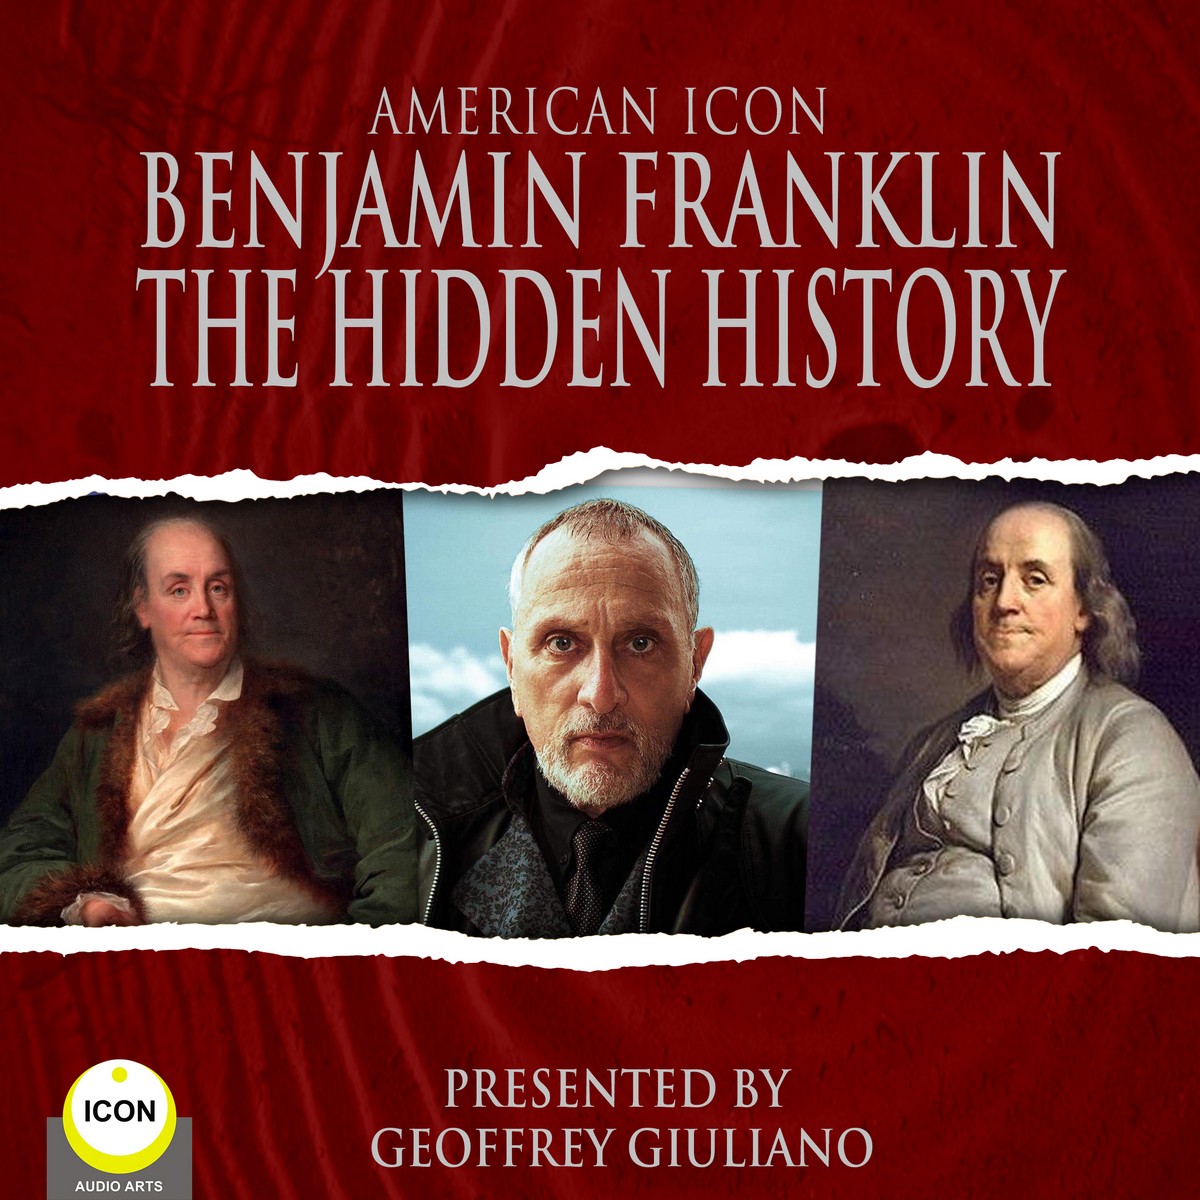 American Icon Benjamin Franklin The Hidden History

---------------

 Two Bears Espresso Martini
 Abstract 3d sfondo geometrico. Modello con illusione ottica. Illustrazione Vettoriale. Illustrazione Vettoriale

---------------

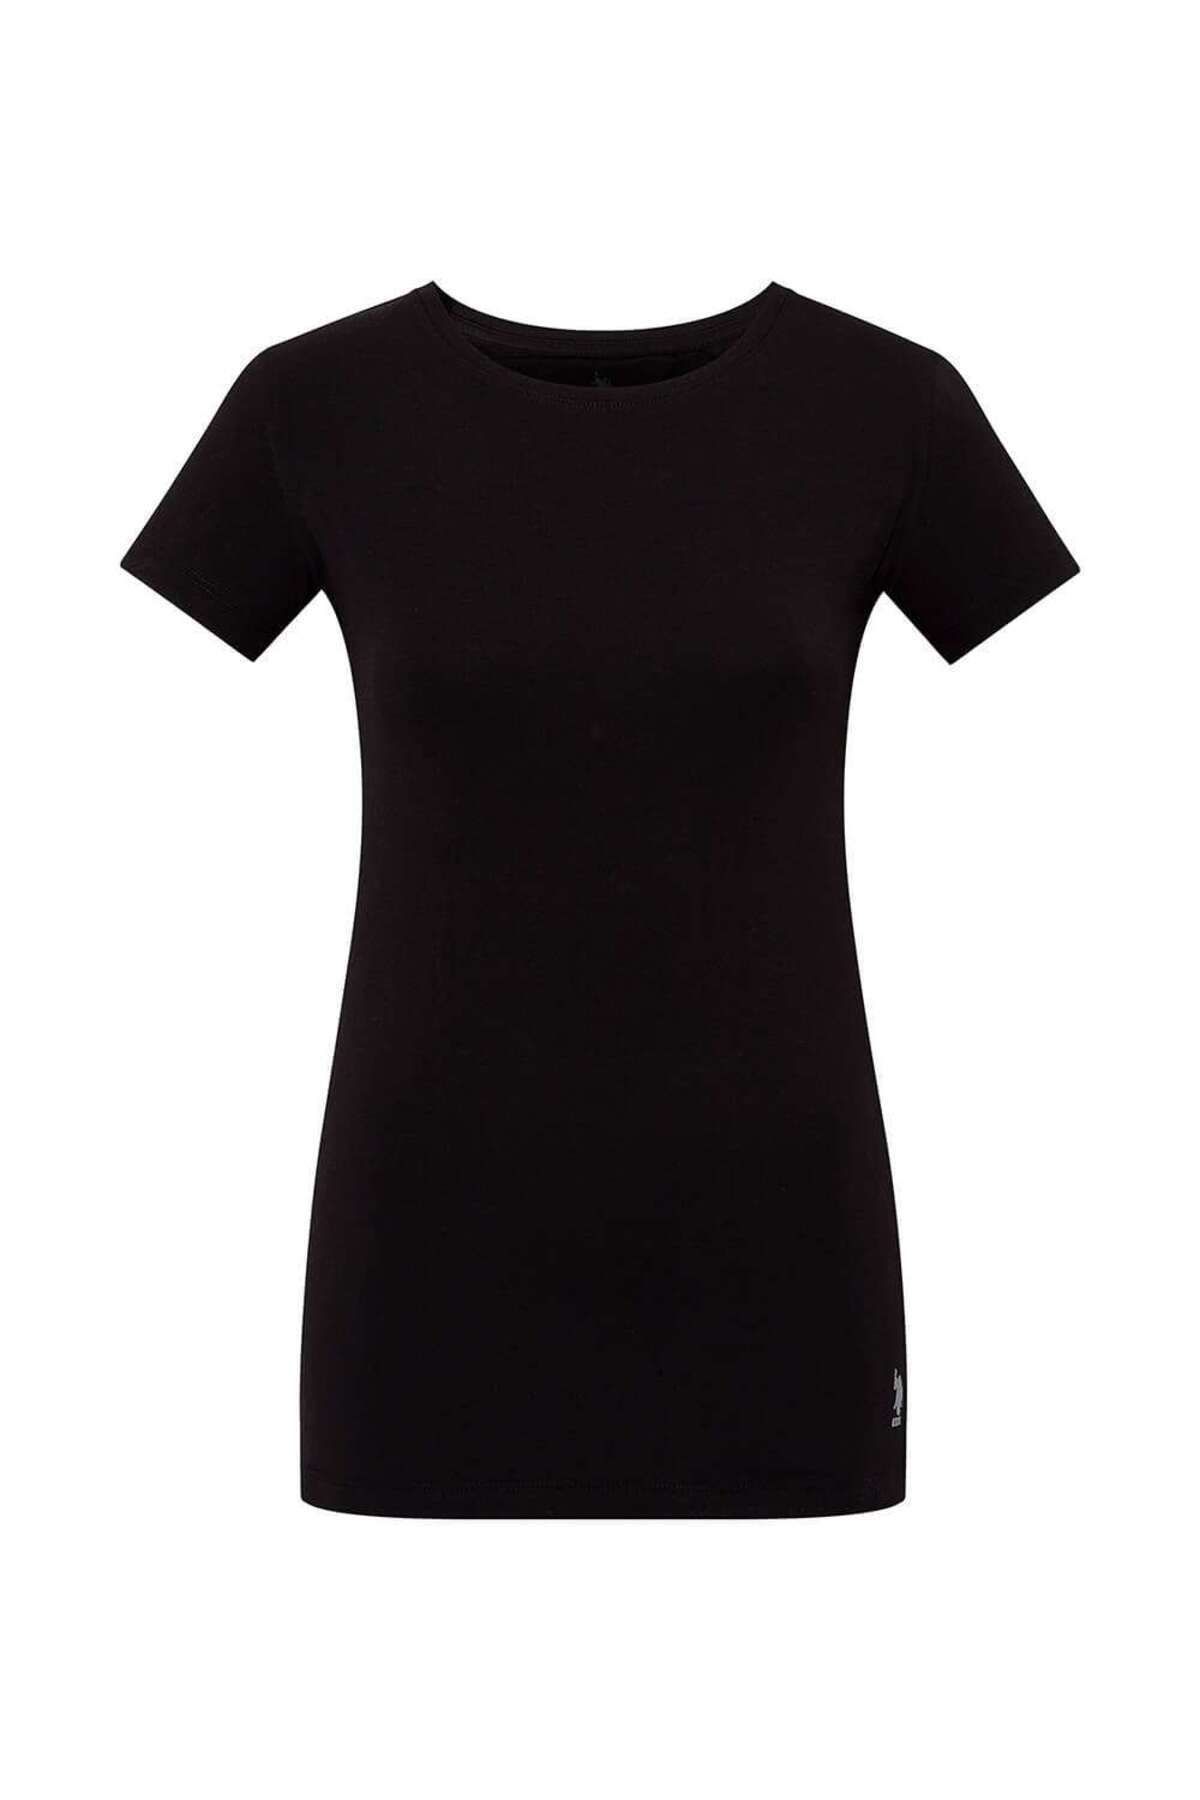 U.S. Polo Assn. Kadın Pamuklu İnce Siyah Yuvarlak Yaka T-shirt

---------------

## WHAT TO PRODUCE
Using the entries above, return exactly the lines from the line with "Two Bears Espresso Martini" to the line with "Abstract 3d sfondo", counting both of those lines.

## PROBLEM SOLUTION
 Two Bears Espresso Martini
 Abstract 3d sfondo geometrico. Modello con illusione ottica. Illustrazione Vettoriale. Illustrazione Vettoriale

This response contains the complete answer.